What is NetsPresso?

NetsPresso is

NetsPresso is a Hardware-aware AI Model Optimization Platform. NetsPresso automatically searches, compresses, and deploys optimized models on actual hardware.

One-stop-shop for optimized AI model development

NetsPresso has three modules in one pipeline. You can use the three modules independently to suit your development stage, and use the entire pipeline to automatically build, compress, and deploy models to create a production model.
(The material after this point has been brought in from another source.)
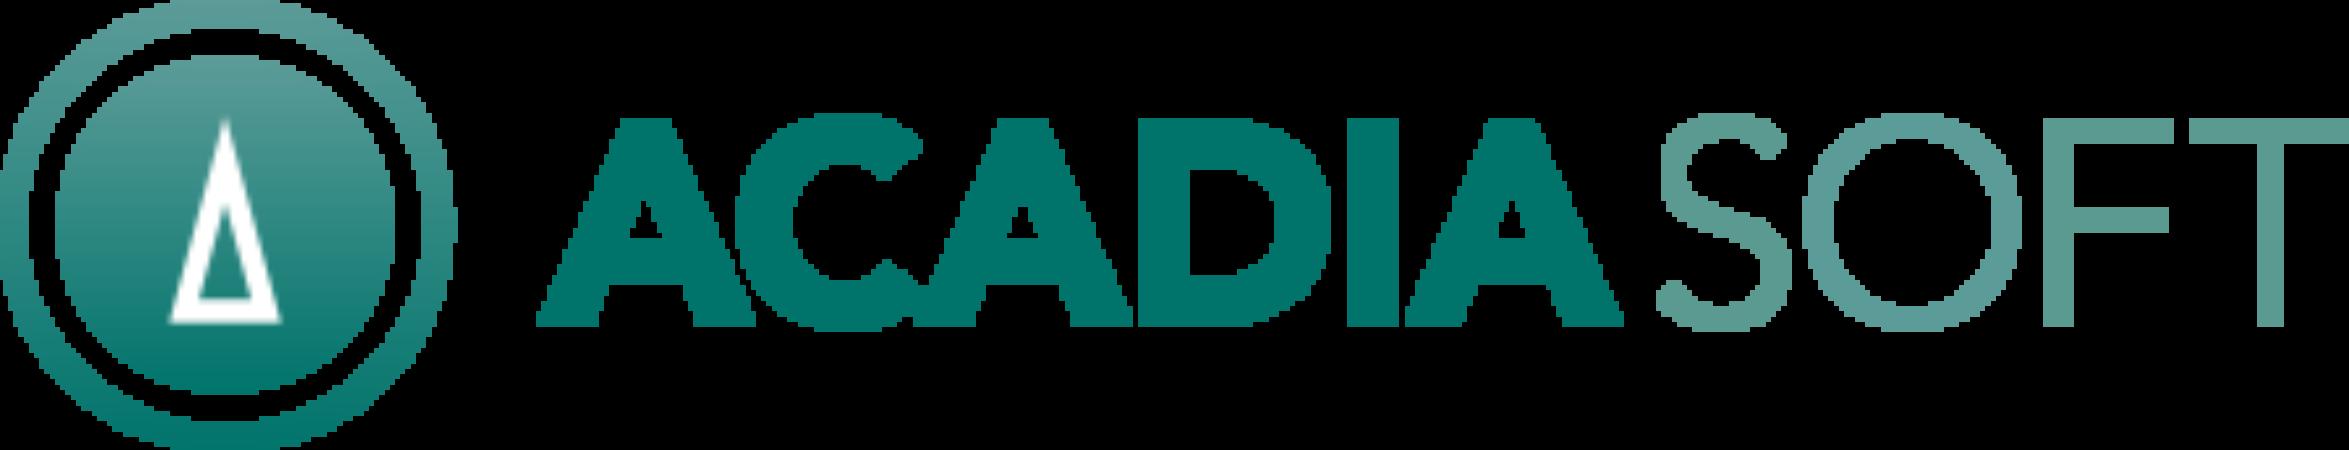 Leading Global Banks Cut Counterparty Risk as AcadiaSoft and Quantile Pilot Risk Optimisation Service

NetsPresso Model Searcher: Automatically searches optimized models for a target device.

  • Model building : Build a new model by automatically training the model with the dataset.
  • Automatic search : Find a model that fits the target hardware and target performance.

NetsPresso Model Compressor: Compresses models for better computational efficiency

  • Compress : Compress the model by easily applying the compression technique to the model.
  • Accelerate: Make the model light and fast without sacrificing accuracy.

NetsPresso Model Launcher: Accelerated models, simplified deployment

  • Convert: Convert the model to a format executable on the target device.
  • Package: Package the model so that it can be deployed directly to the device.

Technologies in NetsPresso

NetsPresso Model Searcher


  • Automate time-consuming and repetitive AI model development tasks
  • The infrastructure is ready so that anyone can start developing the model right away, and it includes a retraining pipeline for experts.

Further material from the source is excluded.